Follow-up question to this one.
A complex lattice consists of a pair of $\mathbb{R}$-linearly independent vectors of the real-vector space $\mathbb{C}$. We call two lattices $(\lambda_1,\lambda_2)$ and $(\mu_1,\mu_2)$ equivalent if $\mathbb{Z}\lambda_1+\mathbb{Z}\lambda_2= \mathbb{Z}\mu_1+\mathbb{Z}\mu_2$. Is any complex lattice equivalent to a lattice of the form $(\lambda_1,\lambda_2)$ with ${\rm Im}(\lambda_1)\geq 0$ and ${\rm Re}(\lambda_1)\geq 0$? If so, can you additionally require that also ${\rm Im}(\lambda_2)\geq 0$ and ${\rm Re}(\lambda_2)\geq 0$?

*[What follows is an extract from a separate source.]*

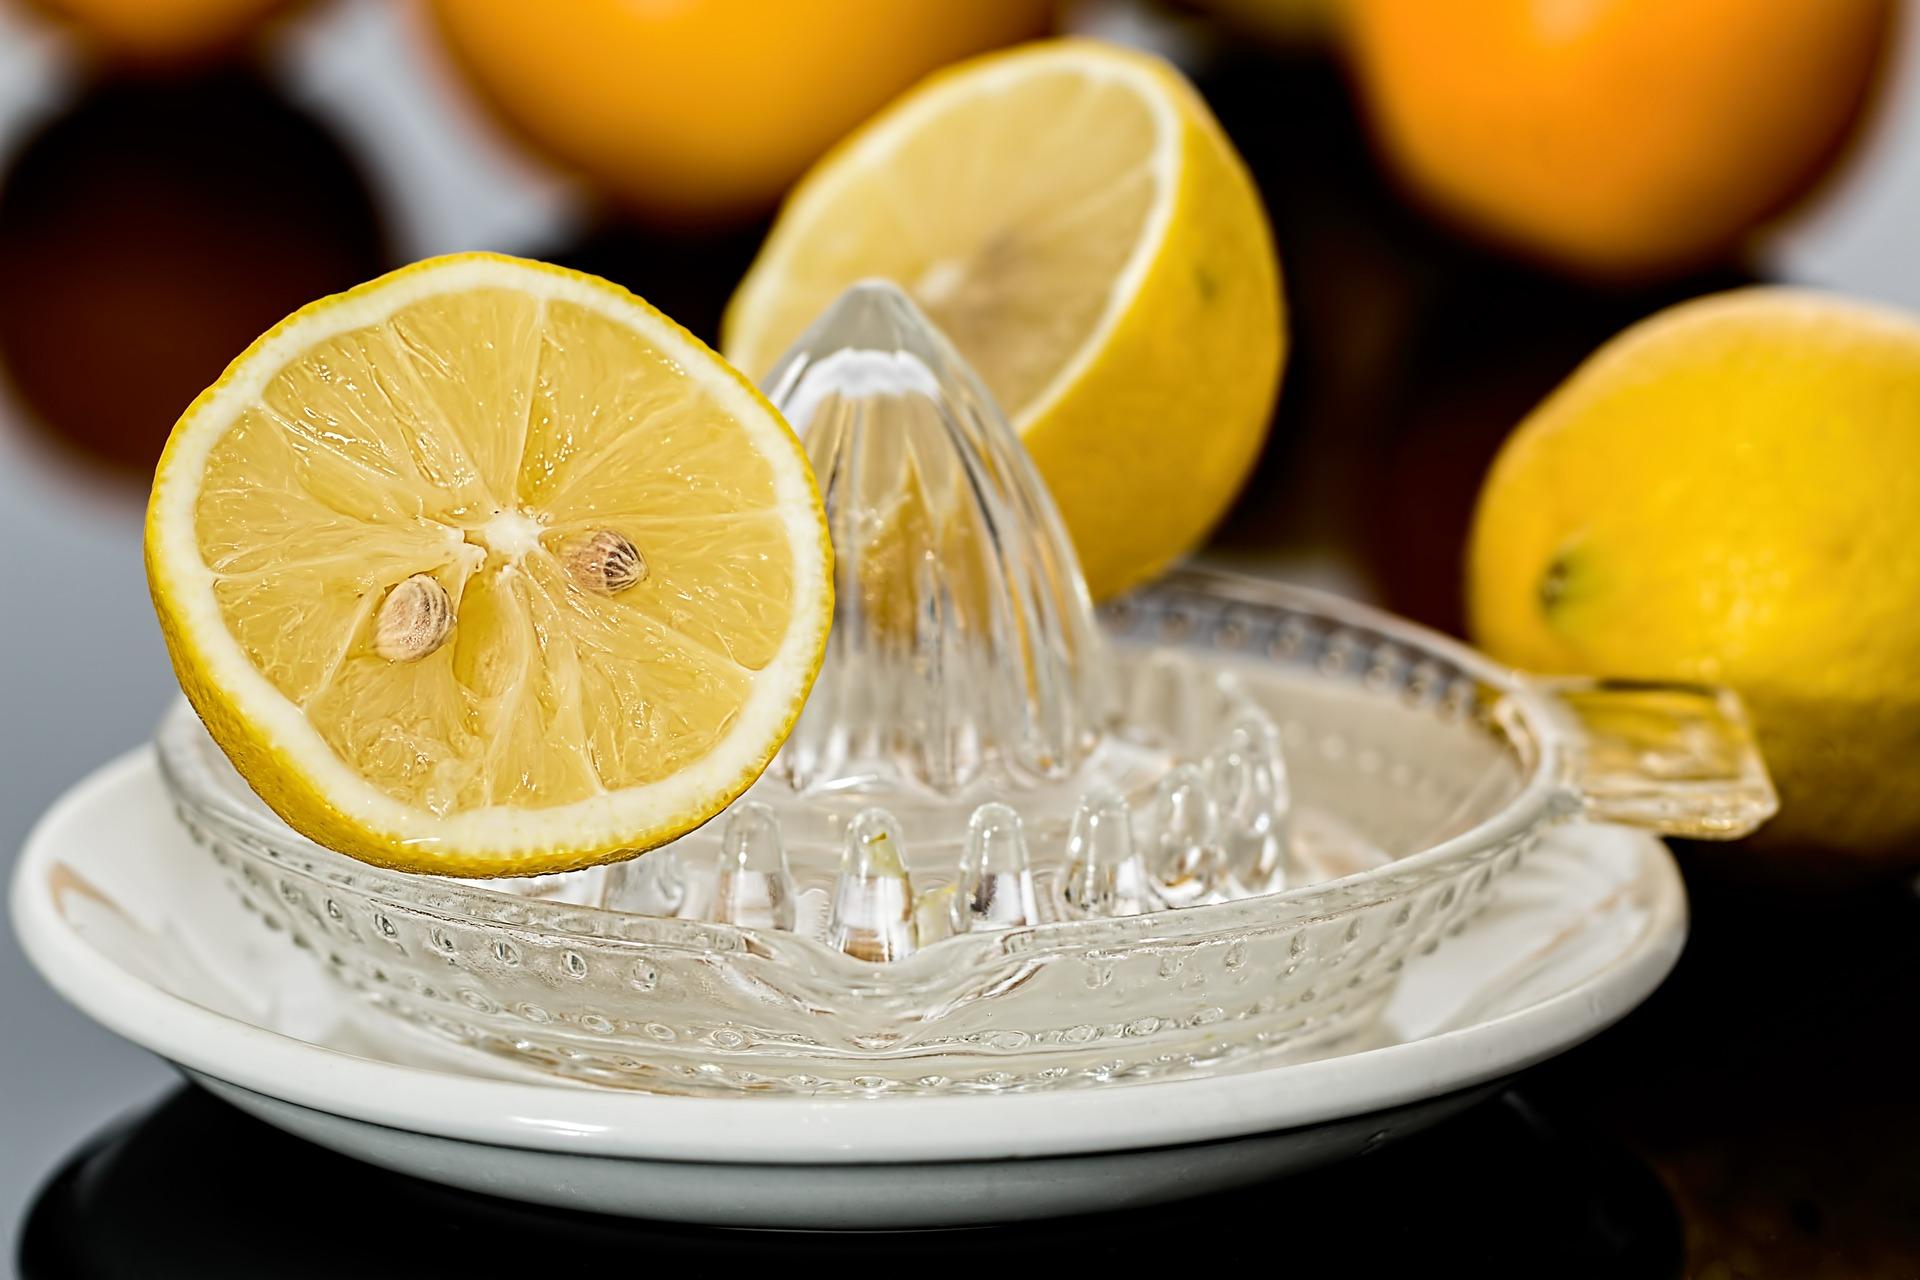 Halbierte Zitrone auf Zitronenpresse aus Glas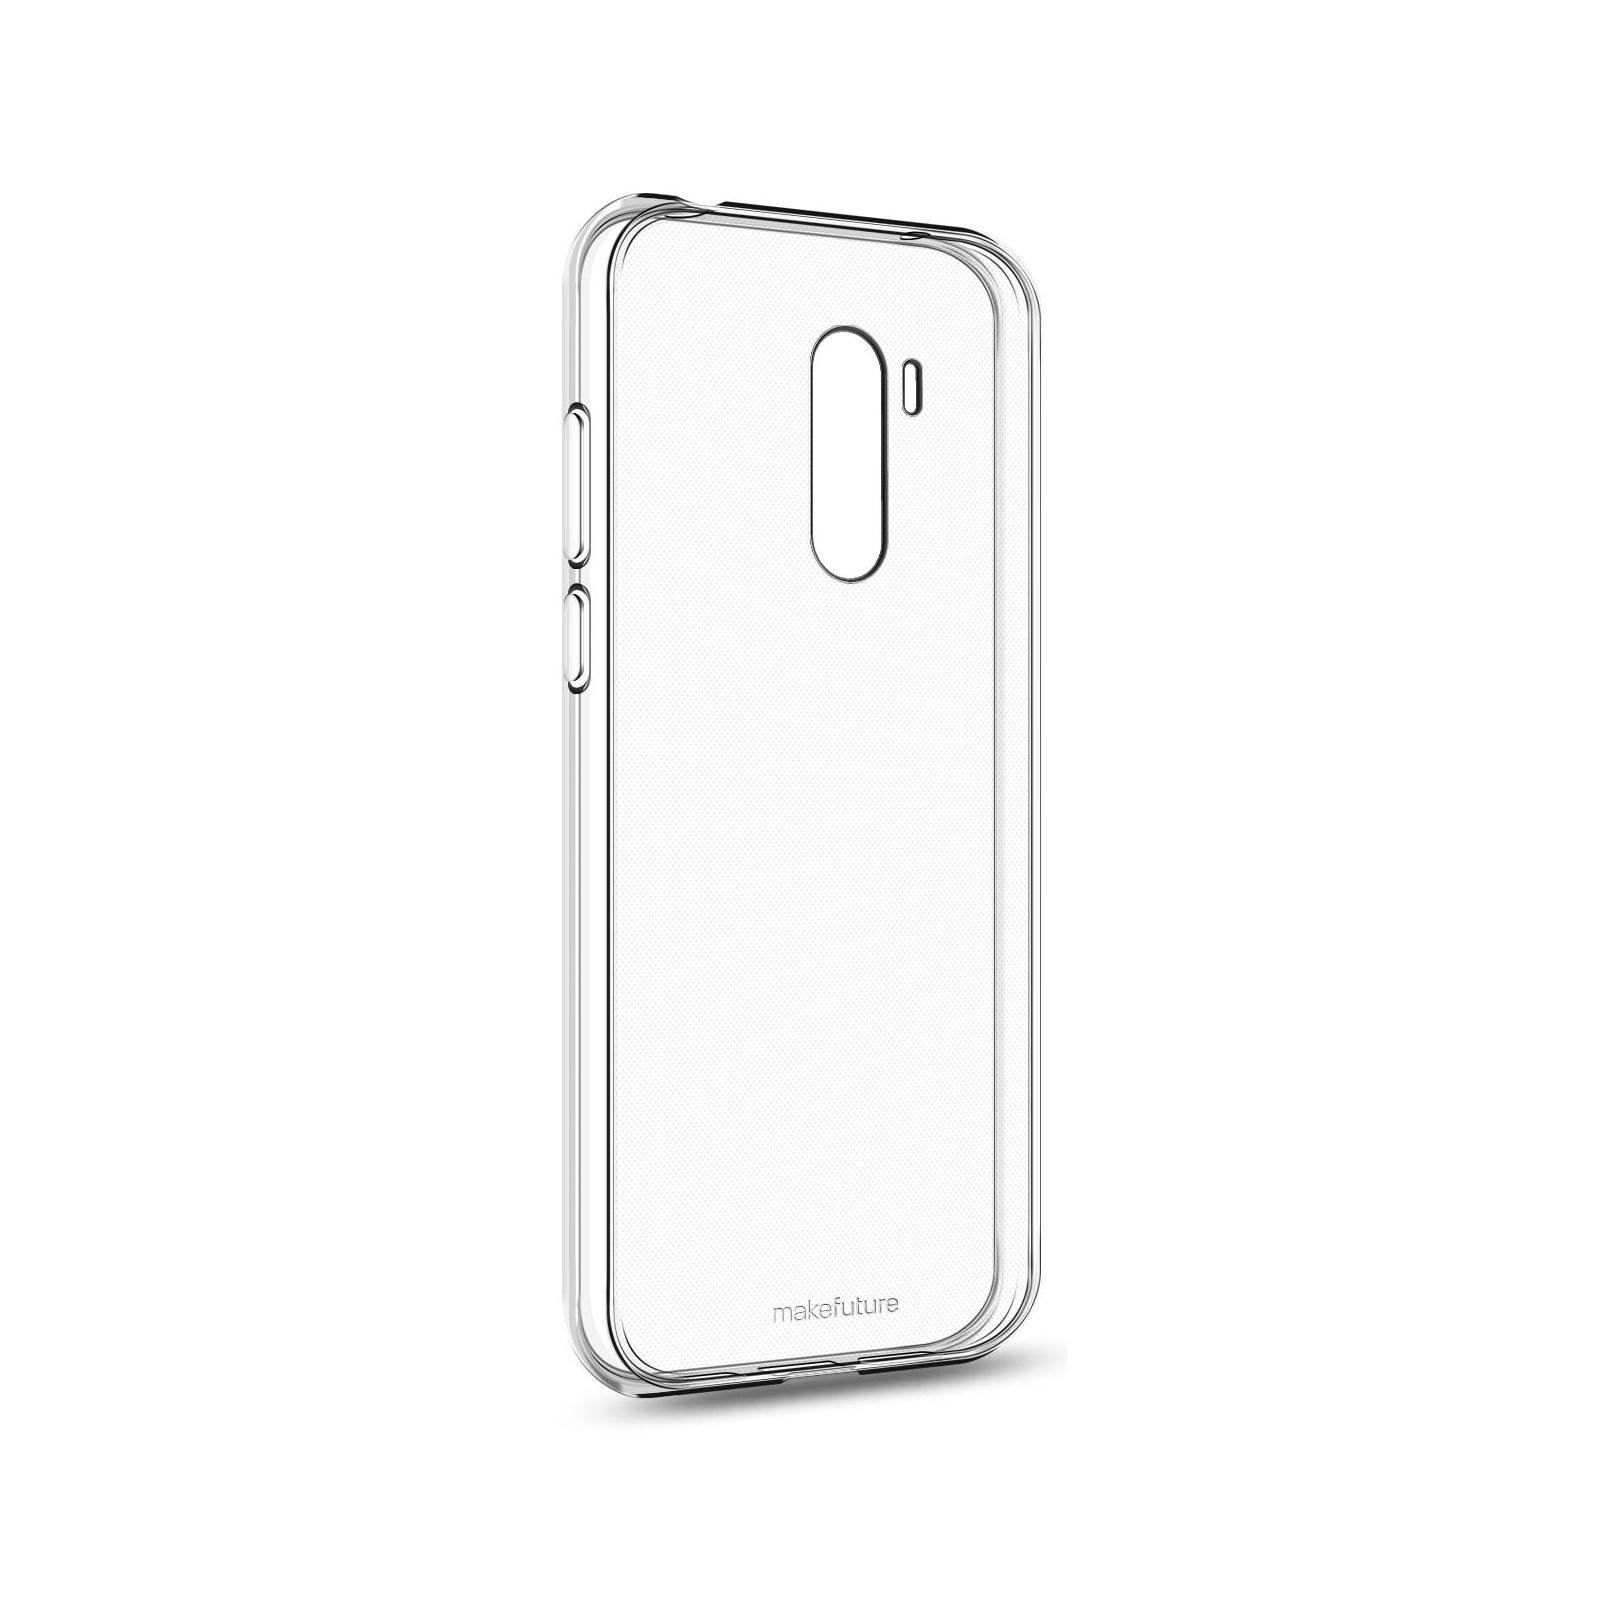 Чехол для моб. телефона MakeFuture Air Case (TPU) Xiaomi Pocophone F1 Clear (MCA-XPF1CL)

Let us define $\lambda = \lambda_1+i\lambda_2$ and $\mu = \mu_1+i\mu_2$. Two lattices $(\lambda_1, \lambda_2)$ and $(\mu_1, \mu_2)$ are equivalent if and only if there exists an integer coefficients homography $\phi: z \mapsto {az+b \over cz+d}$, $a,b,c,d \in {\bf Z}$ such that $\phi(\lambda) = \mu$.
Lattices up to equivalence form the modular surface, which is the quotient of the Poincare half-plane by the modular group. Since this action has a fundamental domain included in the quarter plane, the answer to your question is positive.